Hilarious. This is why Boris Johnson won the mayoral election of London initially in 2008 as a Conservative and was reelected in May 2012, despite a strong Labour wind, defeating former London mayor Ken Livingstone by a 3% margin.
Also, forget the goofy one-eyed blobs, Boris is the true mascot of the 2012 Summer Olympics. From the minute we saw him waving the Olympic flag at the end of the 2008 Summer Olympics in Beijing, with his jacket opened, signalling London’s much looser approach to the Games (compared to the tightly synchronized Beijing Games), you just knew there would be no other way:
He’s rarely on-message (although he can show discipline when he wants).
He’s a bit of a goofy Etonian toff, floppy hair and all, but he’s probably the UK’s most popular politician today, with the possible exception of Scotland’s first minister, Alex Salmond.
As I’ve noted, he may one day be a British prime minister, as he certainly has more personality than the entire front bench of the current Tory (well, Coalition) government combined. It’s thought that David Cameron, then just newly enshrined as the new Tory leader, sent Boris off to run for London mayor to get him out of his hair as he plotted the Tories’ own return to Westminster. But given the current trajectory of Cameron’s government (with many blaming George Osborne’s* austerity policies as the main cause of the UK’s double-dip recession), it is not unthinkable that Boris may well lead the Tories in the next general election cycle or two.

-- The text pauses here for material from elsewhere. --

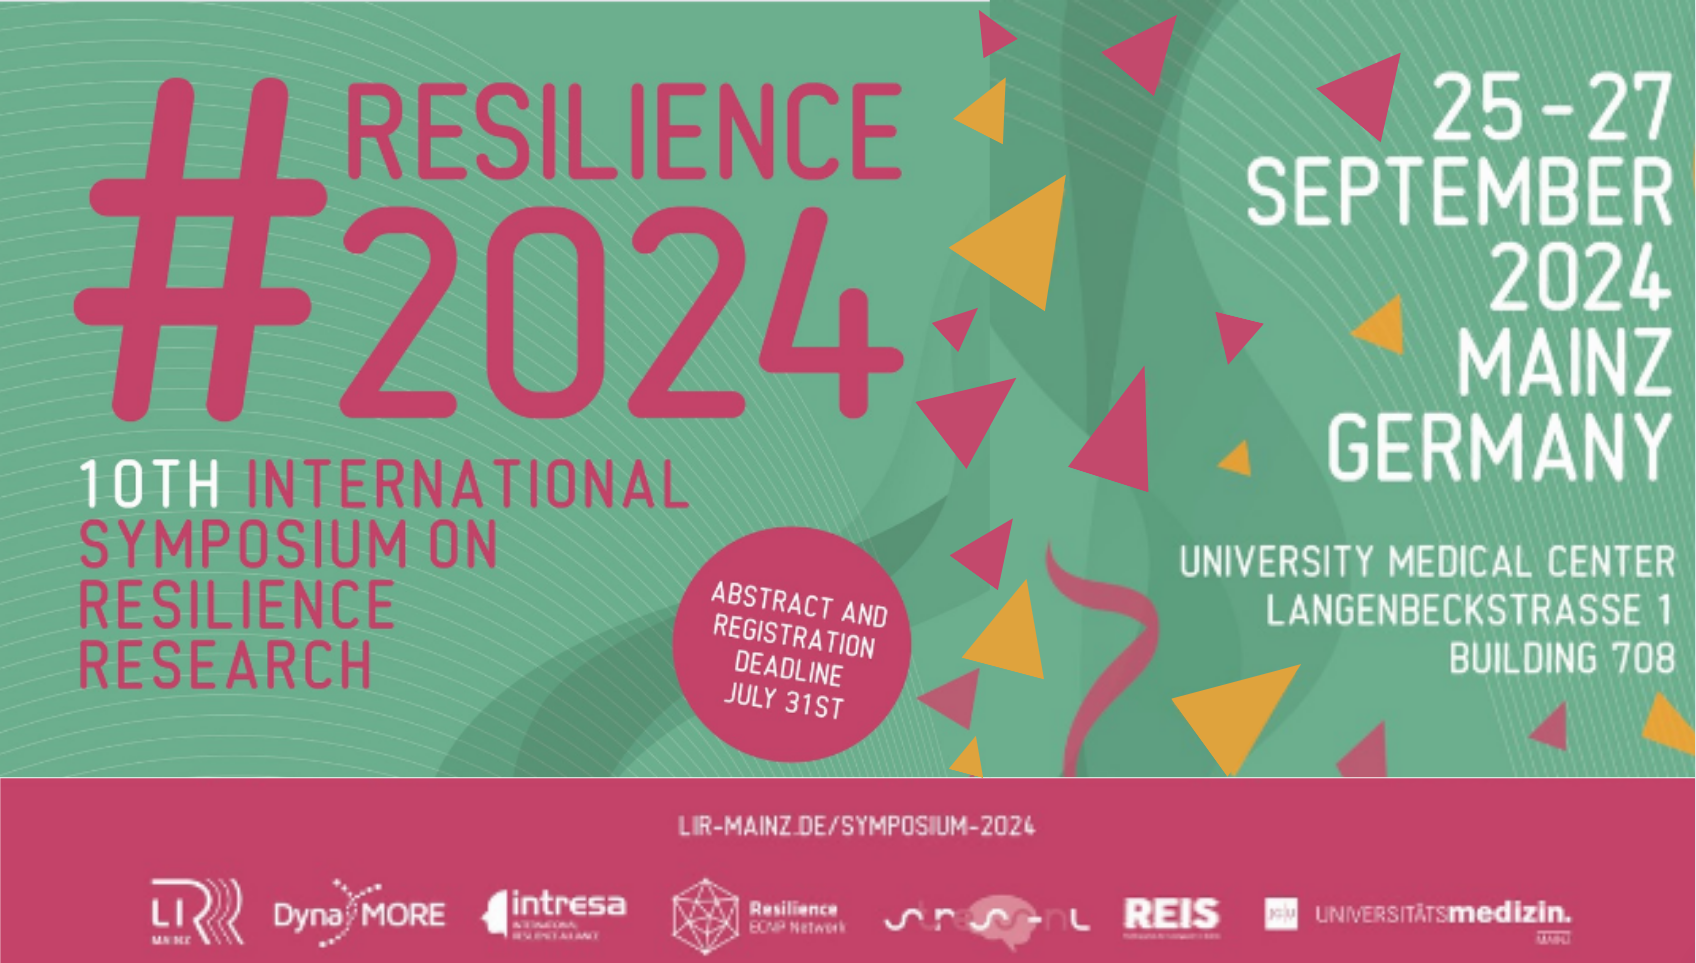 10 YEARS OF THE INTERNATIONAL RESILIENCE SYMPOSIUM - BE PART OF IT!
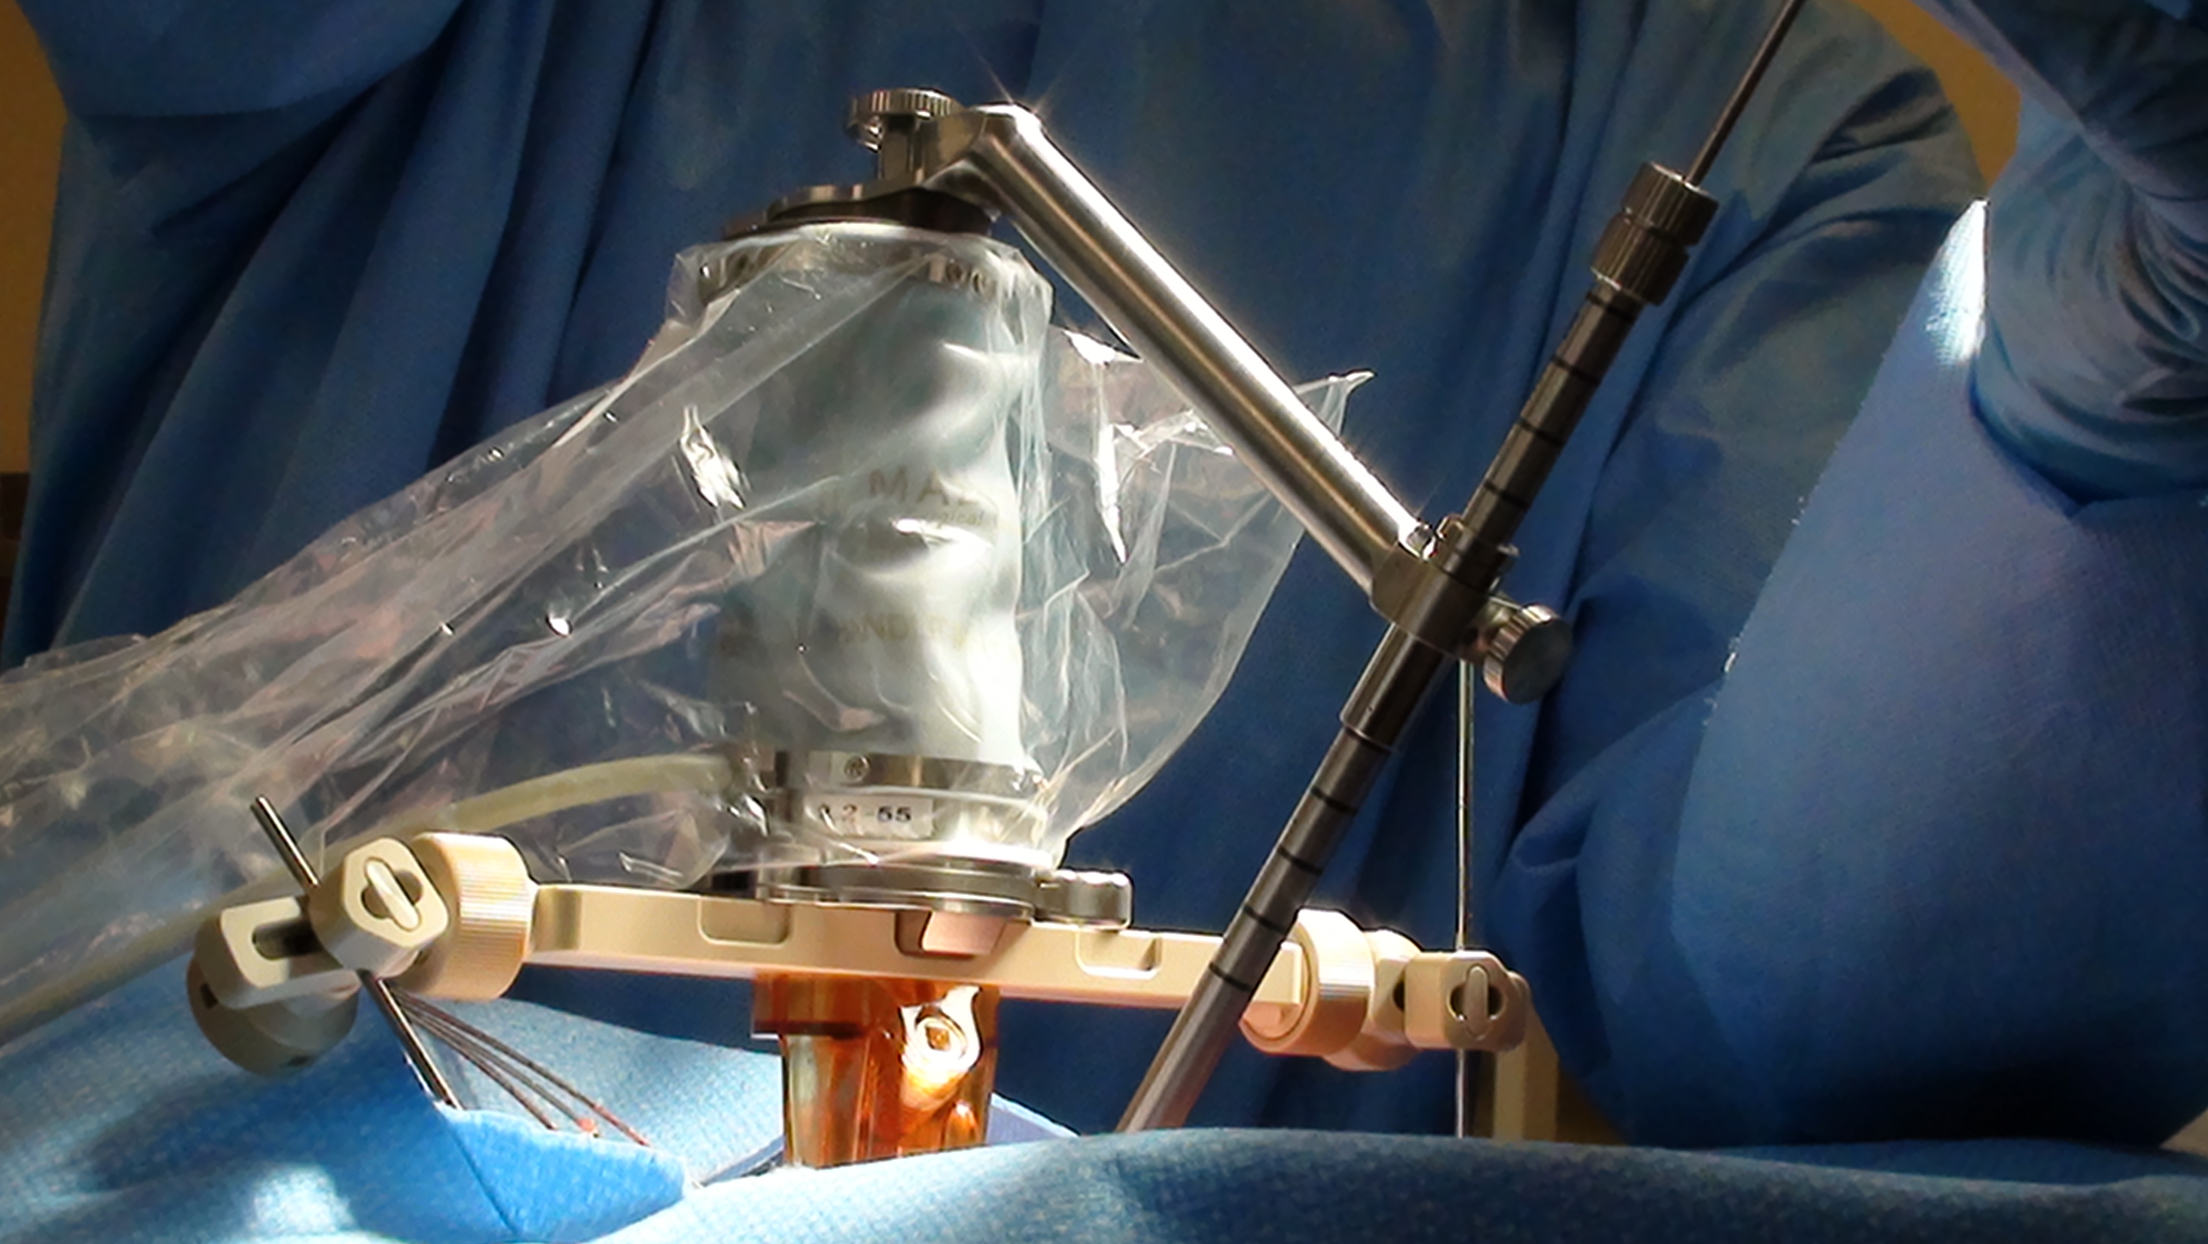 Mazor Renaissance Robot in use during surgery

Certainly, the exposure from hosting the 2012 Games will do him no harm (especially given that businessman Mitt Romney transformed his leadership of the 2002 Winter Games in Salt Lake City into a stint as Massachusetts governor and into the Republican Party’s presidential nomination in 2012).
H/T to Andrew Sullivan, who calls Boris the “un-Romney”.
* George Osborne serves as chancellor of the exchequer — essentially, the UK’s finance minister.